START DATA BLOCK
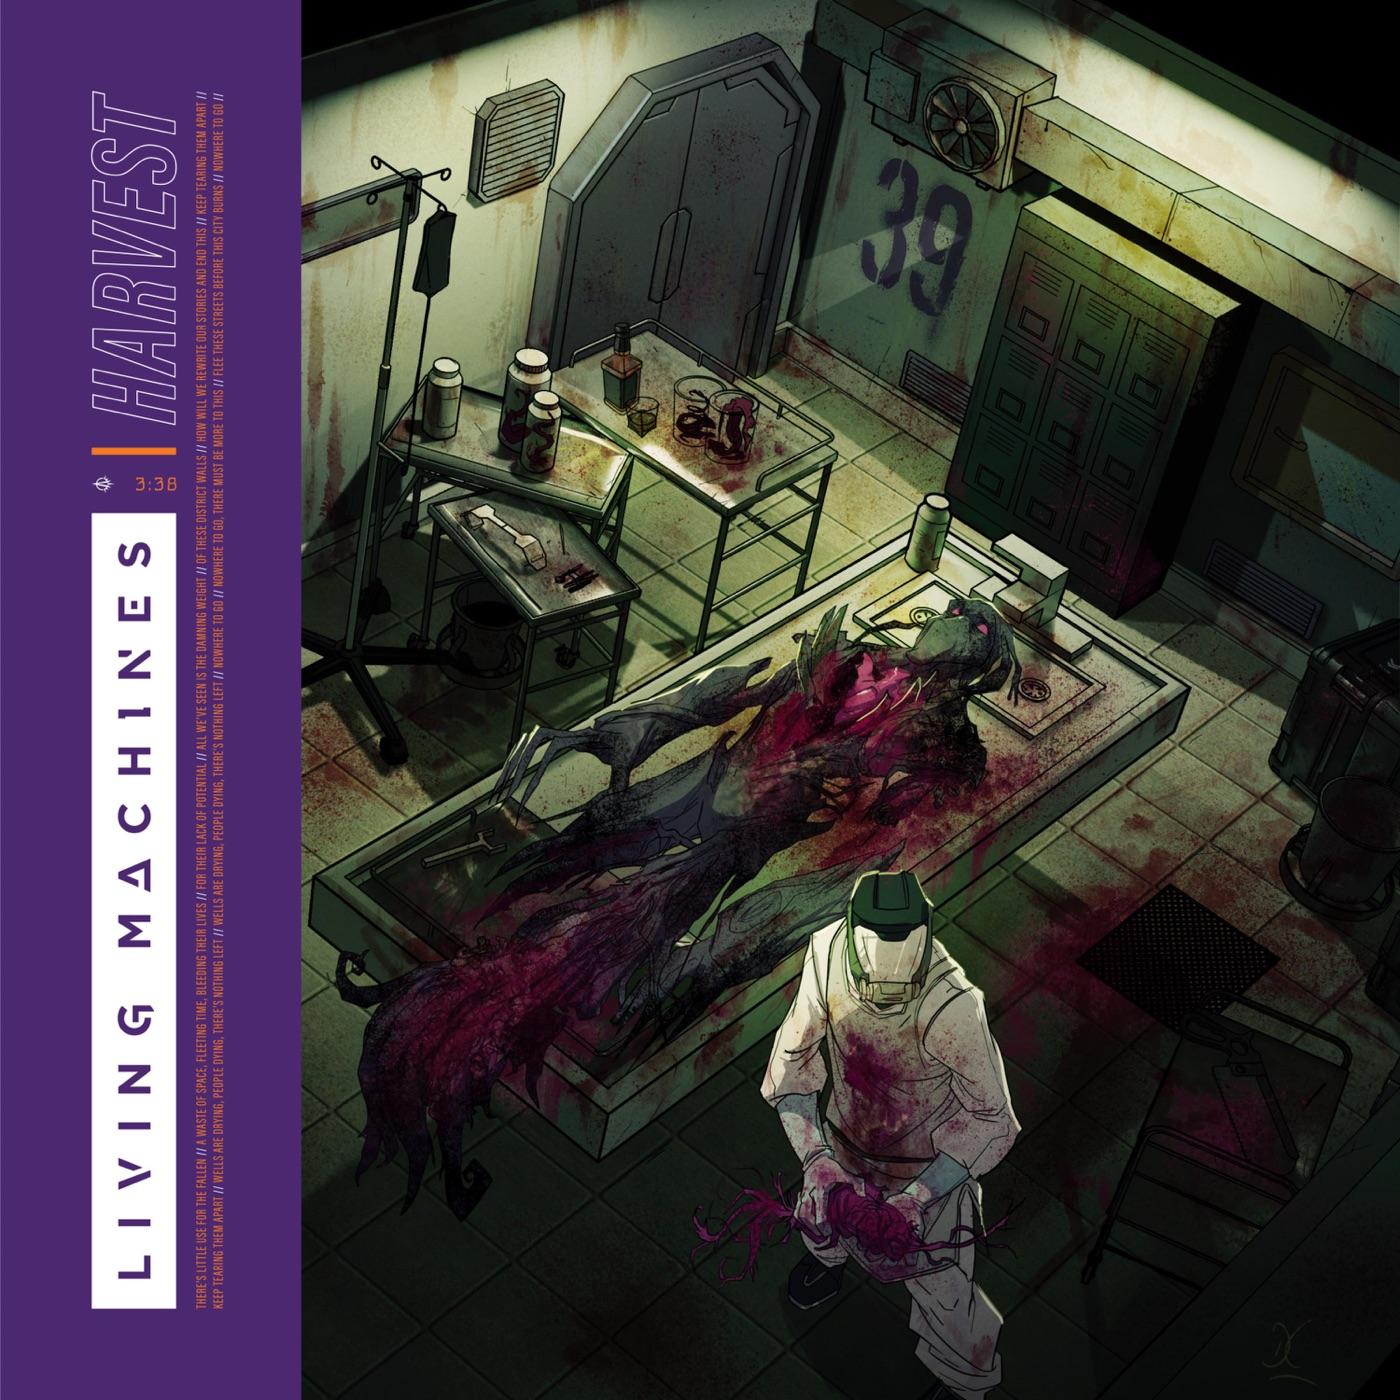 Living Machines - Harvest [single] (2019)
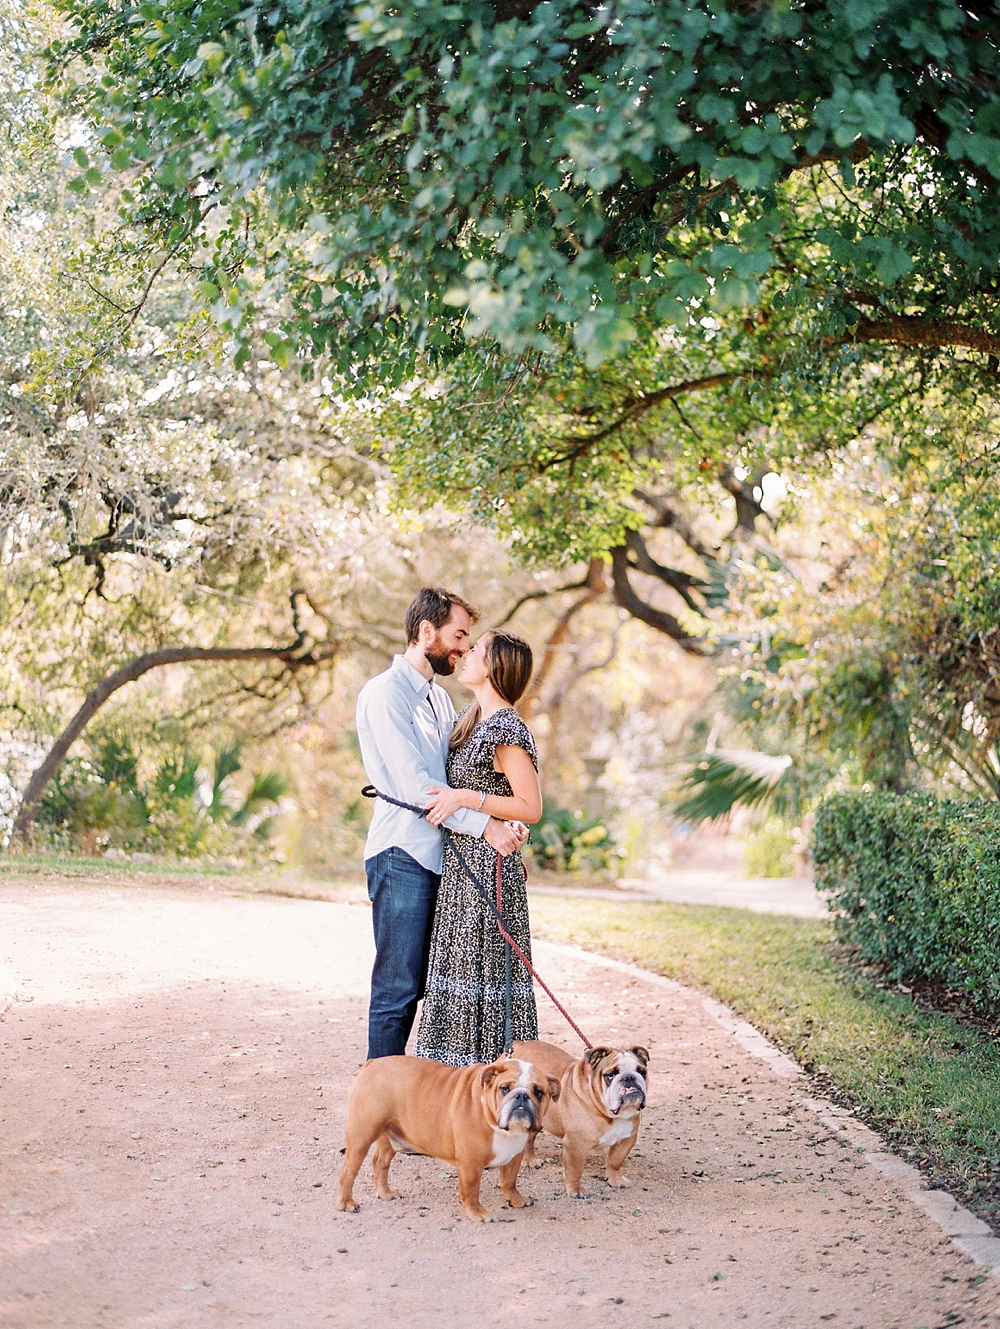 kristin-la-voie-photography-Austin-Wedding-Photographer-laguna-gloria-commodore-perry-estate-engagement-76
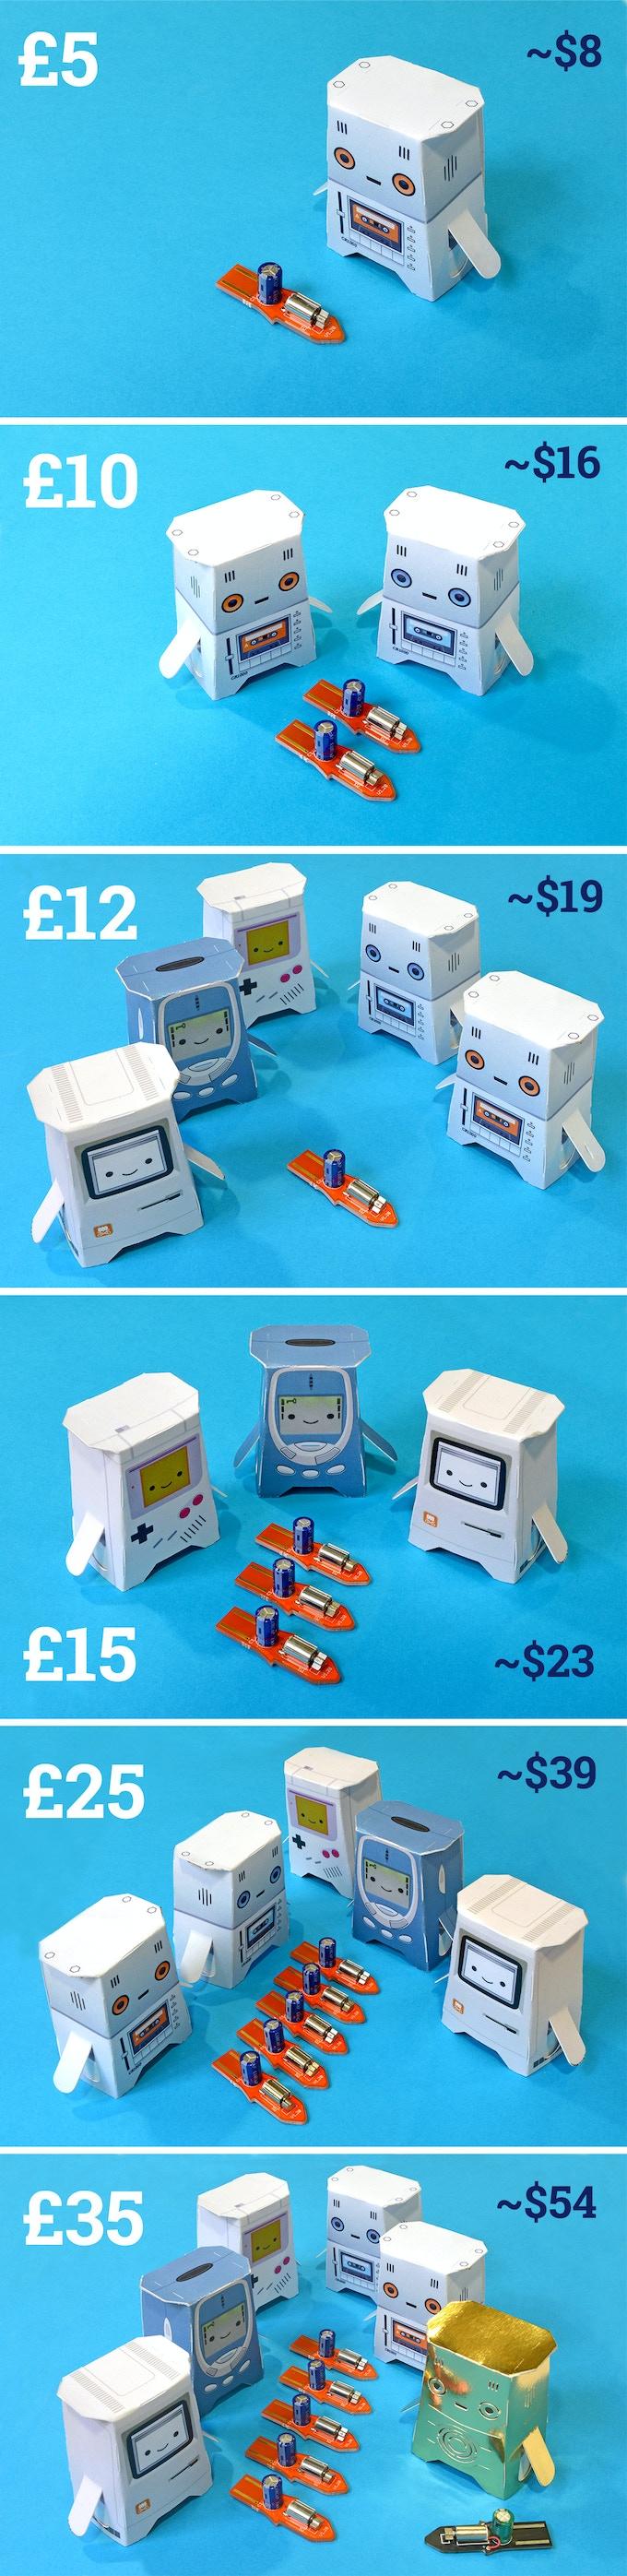 Crafty Robot Rewards
END DATA BLOCK
▶ _WORK TO BE COMPLETED_
Leaving every picture out, repeat each line of the material exactly.

▶ _TASK RESPONSE_
 Living Machines - Harvest [single] (2019)
 kristin-la-voie-photography-Austin-Wedding-Photographer-laguna-gloria-commodore-perry-estate-engagement-76
 Crafty Robot Rewards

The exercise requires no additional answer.